Abduction is an action movie that should have been a tense thriller. I love the idea of not trusting the people who raised you, but that concept (the best part of this plot) is jettisoned almost immediately for a dull, substandard chase movie. Oh, and John Singleton can't film an entertaining fight scene to save his life.
Does anything go right in
Abduction? Well...it's not so bad that you spend the movie hating everyone involved. It's utter crap, though, make no mistake.
Here are a few of my favorite moments from
Abduction:
- One of the reasons Nathan is convinced that he was abducted is because he recognized the shirt in the maybe-him child photo on the website. Okay, fine. To prove his suspicions are correct, Nathan looks for and finds this unremarkable, fifteen-plus years old shirt in a matter of minutes. So...A) his "parents" held on to his pre-abducted belongings? B) a teenager knows exactly where his toddler clothes are stored and remembers them, down to the stains? C) his family held on to his toddler clothes instead of giving them away or selling them at garage sales, like every other American family?
- When Nathan asks his "mom" if she is his mother, she says "...No." Well, that was easy.
- Terrorists looking to kidnap Nathan place a bomb in the kitchen oven, and it is working on a timer.
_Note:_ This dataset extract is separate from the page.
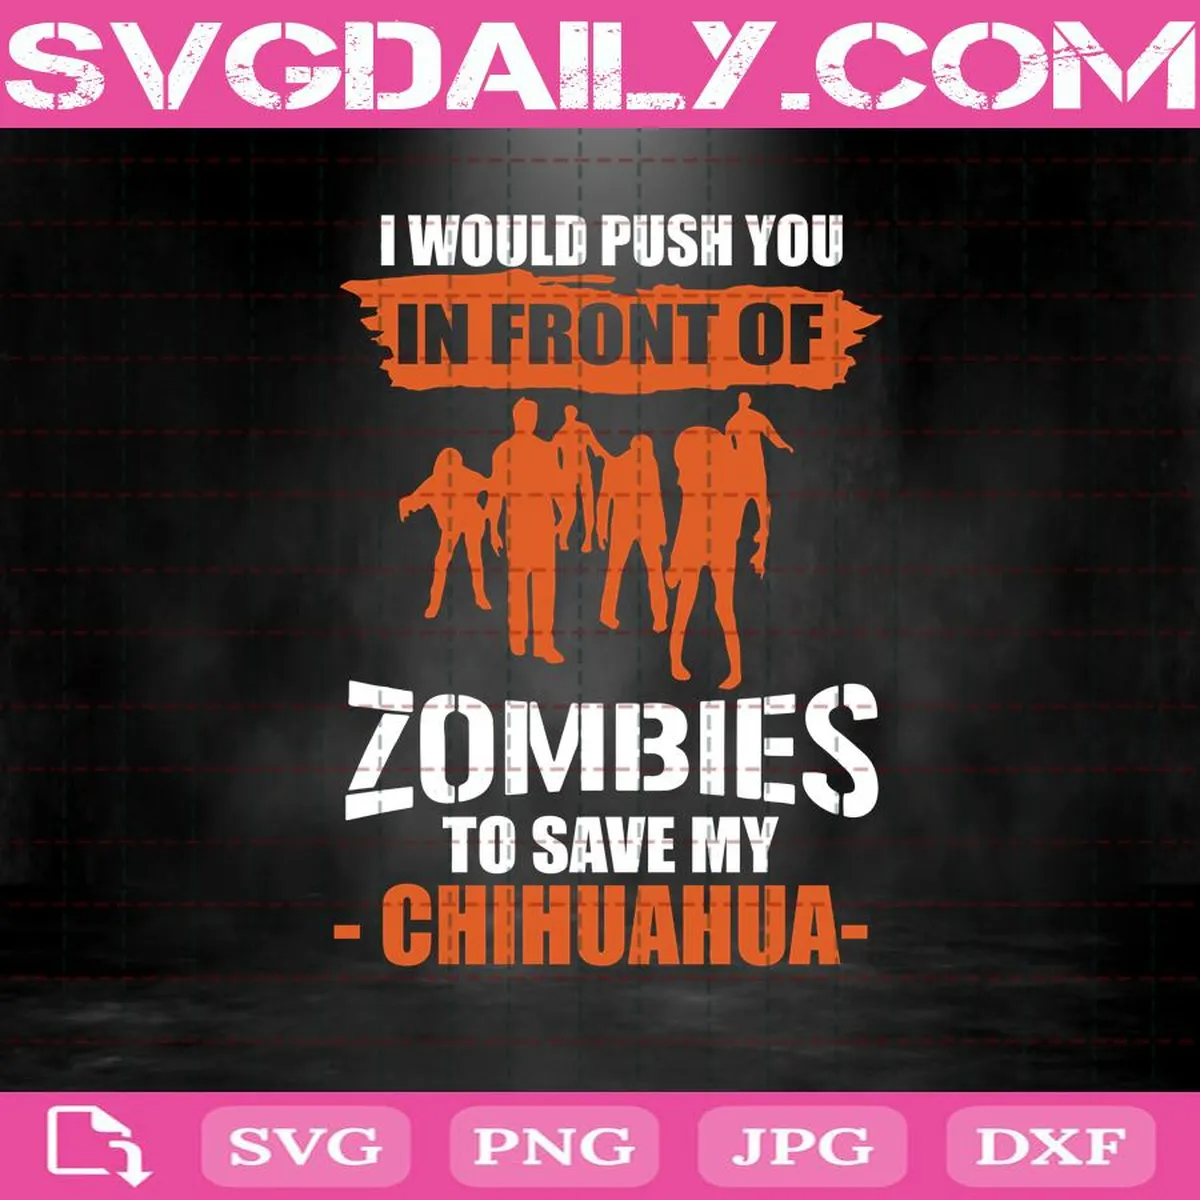 I Would Push You In Front Of Zombies To Save Chihuahua Svg, Zombies Svg, Chihuahua Svg, Svg Png Dxf Eps Download Files

Maybe they should have acted like they were in a hurry then, hmm?
- Abduction is amazing with the ridiculous amounts of perfect timing and manhours used by the CIA. A phone call to 911 goes directly to the CIA, without an operator putting Nathan on hold. Within moments of being spotted on a security camera, underlings are on the scene, giving chase. And yet...two dumb teenagers manage to avoid capture for days.
- The bad guy threatened to kill all of Nathan's Facebook friends.
- My wife summed up the first half of the movie with "also, so far, Taylor Lautner's a dick."
- The bad guy steals Nathan's gun by reaching just under his crotch in a quick and sneaky manner.
- The movie ends with a Train song. Because the movie wasn't bad enough on its own.